Magazine cost — UAH 80
The central theme of the issue is the progress of our civilization in the near future due to the use of the latest technologies in the technique of astronomical observations, space research and transformations of our everyday life.
Astronomy: Next steps
Sergey Gordienko, Vladimir Manko, Daria Zaremba
Imagine the feelings experienced by a very nearsighted person wearing suitable glasses or contact lenses for the first time. He/she will be delighted to see a lot of new amazing details of the surrounding world. Astronomers will experience similar emotions when they receive the results of the new generation of telescopes. In the next 5-6 years, several giant instruments will be launched on Earth and in space. Humanity spends a lot of money on their creation, hoping to get an equally large-scale effect for science and our knowledge of the Universe.
Neutrino are elusive and ubiquitous
Two issues of the magazine are devoted to neutrinos. You will learn how these amazing particles of the microcosm were discovered, billions of which permeate our body every second, and what we know about them at the moment. The second article is devoted to methods of neutrino registration. Their development eventually led to the emergence of a completely new branch of astronomy — neutrino astronomy, which uses elusive particles to study the properties of celestial bodies.
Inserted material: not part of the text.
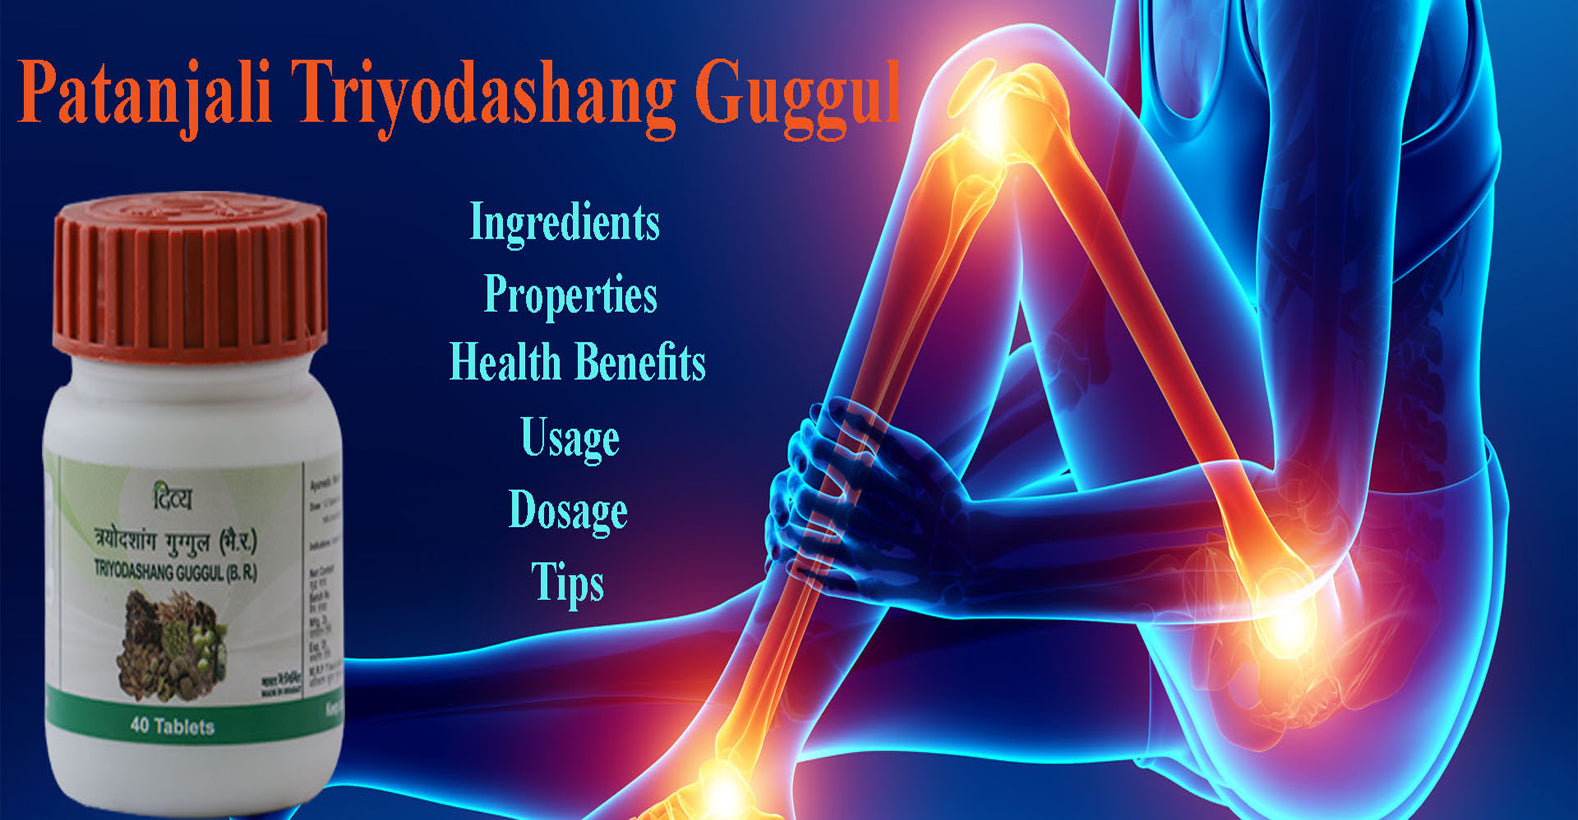 Patanjali Triyodashang Guggul - Ingredients, Properties, Health Benefits, Usage, Dosage, Tips

Secrets of the eighth planet. Prospects for the study of Neptune and Triton
Neptune is a very unusual planet: at one time it was observed by the founder of telescopic astronomy, Galileo Galilei (but took it for a distant star). Later, it was finally “officially” discovered by gravitational perturbations in the motion of Uranus. At the beginning of the XX century, scientists began to understand its role in the formation of a belt of ice bodies far from the Sun. 30 years ago, the vicinity of Neptune was visited by the first and, so far, the only automatic Voyager 2 scout. It took detailed pictures of the most distant planet and its largest moon Triton, which also turned out to be a very curious object.
Now a new mission to the eighth planet is being developed, which can start in 2026.
Lunar scout. 10 years of research
When, in January 2004, the President of the United States, George W. Bush announced the “Vision for Space Exploration” doctrine, which implied, in particular, the creation of new manned vehicles suitable for expeditions to other planets, and the resumption of astronauts’ flights to the Moon until 2020, this goal seemed quite achievable. However, in 2011, the new President Barack Obama formulated new goals for American cosmonautics, and the Constellation lunar program was curtailed. But a lot has been done within its framework — in particular, the launch of the Lunar Reconnaissance Orbiter interplanetary spacecraft, which has become the longest-lived and scientifically productive artificial satellite of the Moon. June 18 marked the 10th anniversary of its launch.
Artemis in space. Difficult questions of extraterrestrial childbirth
63 women have already participated in space flights. This is about a ninth of the total number of people who have been outside the atmosphere. Undoubtedly, this number will increase in the future. Women will not stop at the development of near-Earth orbits, and will move on — to the Moon and other planets. Their participation in lunar expeditions is provided for by the new American Artemis program. How difficult can this path be?
Culinary surprises of the near future
New technologies for Earth and space
Based on the current trends in technology development and their “penetration into the masses”, we can try to imagine a picture of the world in 2030, which, apparently, will be very different from what surrounds us today. Scientists will be able to edit the human genome, record information directly into the brain, and the dreams of science fiction writers about tourist flights to near-Earth orbit and to the Moon will finally come true. And it seems that we will eat in a completely different way. But will this make our life easier and safer?
STARLINK: The “killer” of the sky or a new opportunity for astronomers?
In May of this year, the Falcon 9 rocket launched the first lot of 60 devices of the Starlink global Internet system into orbit. The main goal of the program is to provide as many users as possible with fast uninterrupted access to the network. Many scientists have published rather pessimistic forecasts, according to which in the future Starlink and similar satellite constellations will actually “destroy” the night sky, seriously complicating, or even making astronomical observations from the Earth’s surface completely impossible. How serious is this threat?